Darden was ranked 47th on the Cleveland Browns top 100 players list.

== Post-football ==
In 1985, government informant, David Rice, testified in Cuyahoga County Common Pleas Court that Darden was listed as a suspected dealer of cocaine in a document that he had been given by the Federal Bureau of Investigation while he was being wired with a hidden microphone. Darden was vociferous in his denial of the claim.

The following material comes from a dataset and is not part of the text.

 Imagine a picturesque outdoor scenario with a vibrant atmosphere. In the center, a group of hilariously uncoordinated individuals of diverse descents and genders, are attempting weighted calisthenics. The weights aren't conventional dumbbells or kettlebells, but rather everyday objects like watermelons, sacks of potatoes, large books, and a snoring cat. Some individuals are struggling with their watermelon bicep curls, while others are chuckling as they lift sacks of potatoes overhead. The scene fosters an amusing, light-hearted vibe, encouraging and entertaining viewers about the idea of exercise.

Darden has served as a professional sports agent and represented Tony Boles. In 1990, he invested $25,000 in Boles by hosting him in Cleveland, Ohio and working him out with athletic trainers. At the time he was Cleveland-based sports agent. During Darden's career as an agent he represented an assortment of NFL and National Basketball Association players and prospects including Felix Wright and Chris Calloway. He was a supporter of Maurice Clarett's attempt to challenge the NFL draft's eligibility rules. In 1998, when the NFL reissued a franchise in Cleveland, Darden was part of one of the six bidding groups. In 1999, he owned a security company in Cedar Rapids, Iowa. As of 2006, Darden was a business consultant living in Cedar Rapids.